Summary:
The fundamental design of optimizing compilers has not changed for many decades. It
is oriented around passes, each of which tries to apply a specific transformation. A
celebrated benefit of this design is the separation of concerns, because each
pass is concerned with a single transformation. But what
is subtle is that it also hinders the separation of concerns.
In modern instances of this design,
each pass has at least two responsibilities: performing a transformation and
deciding whether the transformation is profitable. Inevitably, the code dealing with each of these responsibilities
is tightly coupled and one can't interface with or change each piece separately.
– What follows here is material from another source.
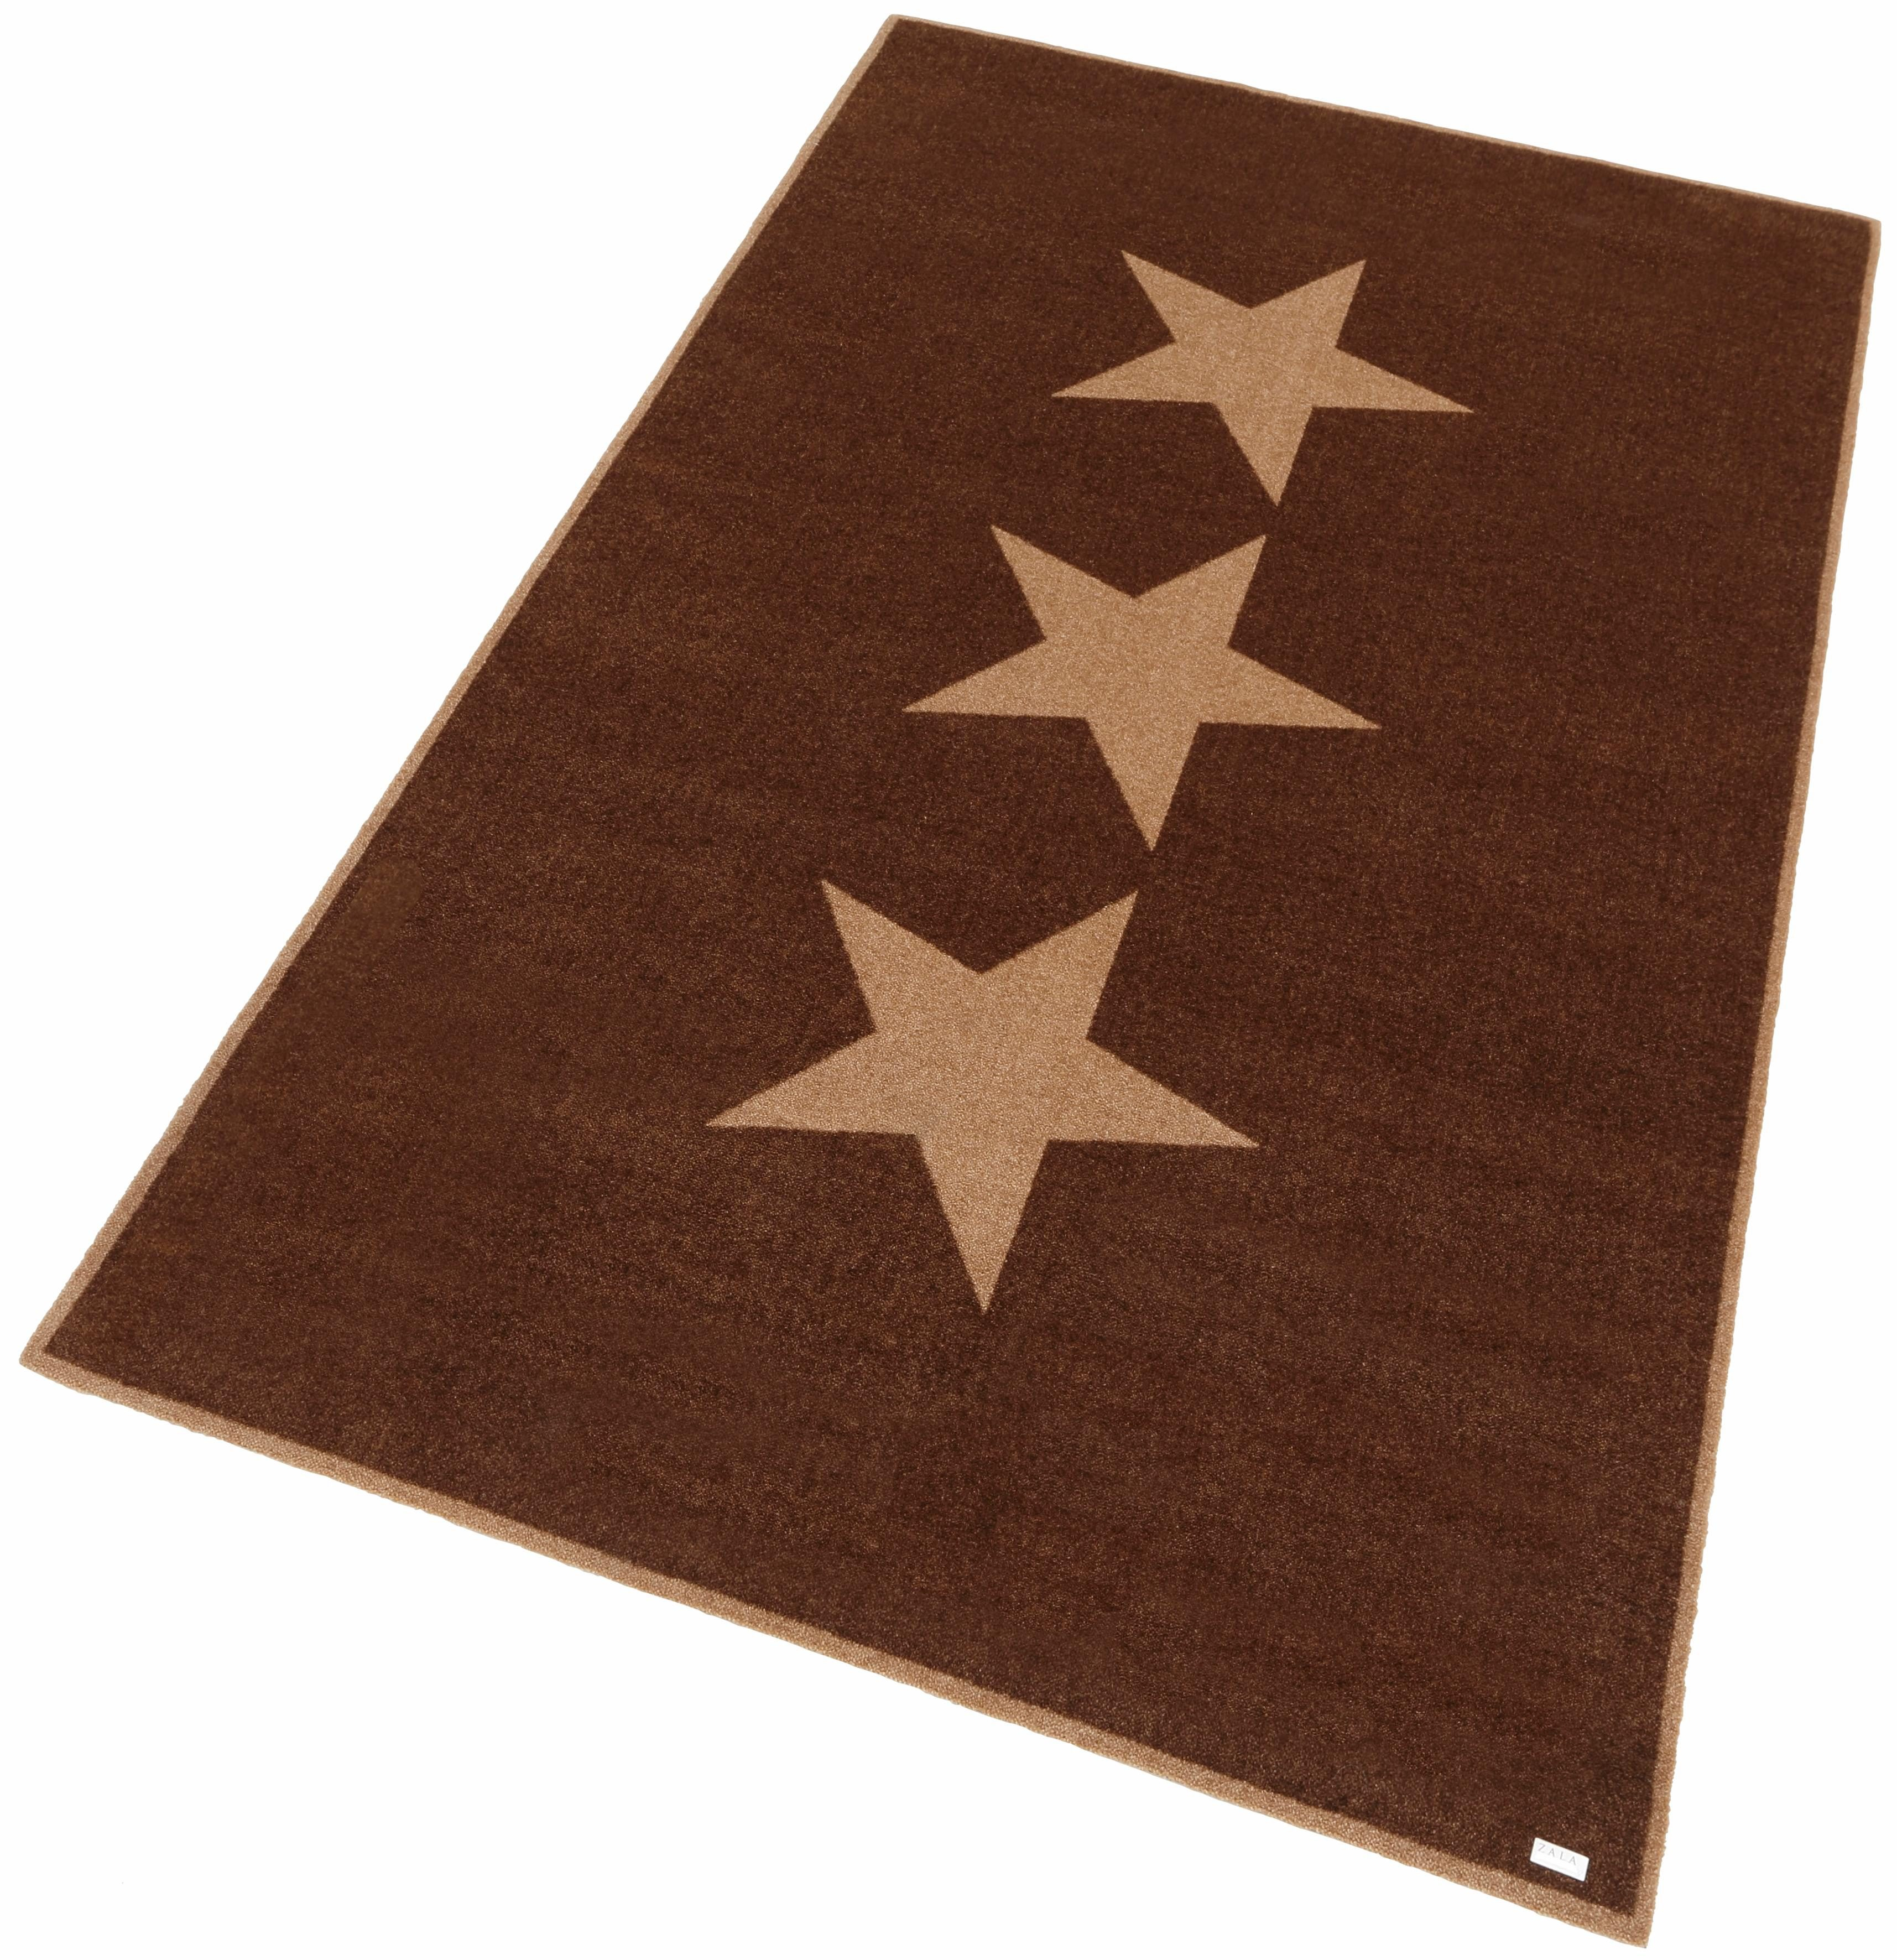 Teppich Sterne Zala Living rechteckig Höhe 7 mm maschinell getuftet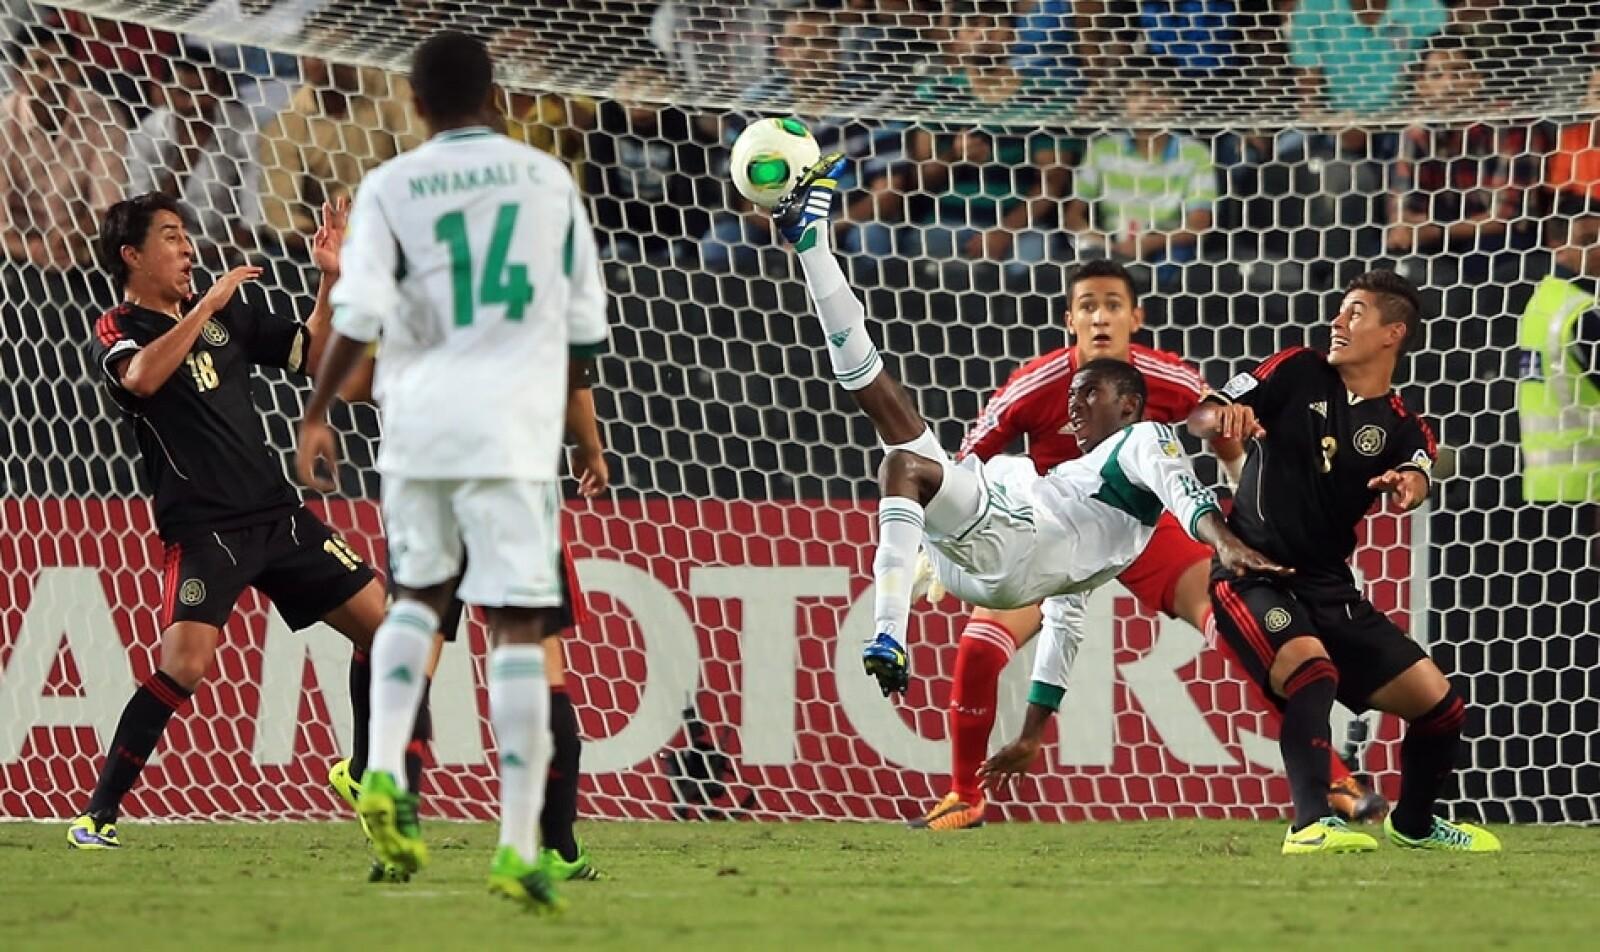 México vs. Nigeria 14

However, each of these responsibilities is radically different and the people
having the expertise to improve one do not necessarily have the knowledge
to even understand the other. For instance, profitability
could be picked up by a machine-learning researcher, who is interested in improving the
heuristics used but is not at all interested in learning how the compiler performs
the transformation.
In this thesis, we present a prototype of a transformation,
implemented over the LLVM framework, used to serve a broader goal; that of separating transformations in their own independent, granular APIs. Such APIs should offer high-control and minimal cognitive load to the user, whether this is a compiler expert or not.
The transformation we chose is loop distribution because it is easily comprehensible yet
potentially highly effective, while its implementation is comparable to LLVM's upstream version.
Keywords:
compilers, transformations, API, loop distribution, LLVM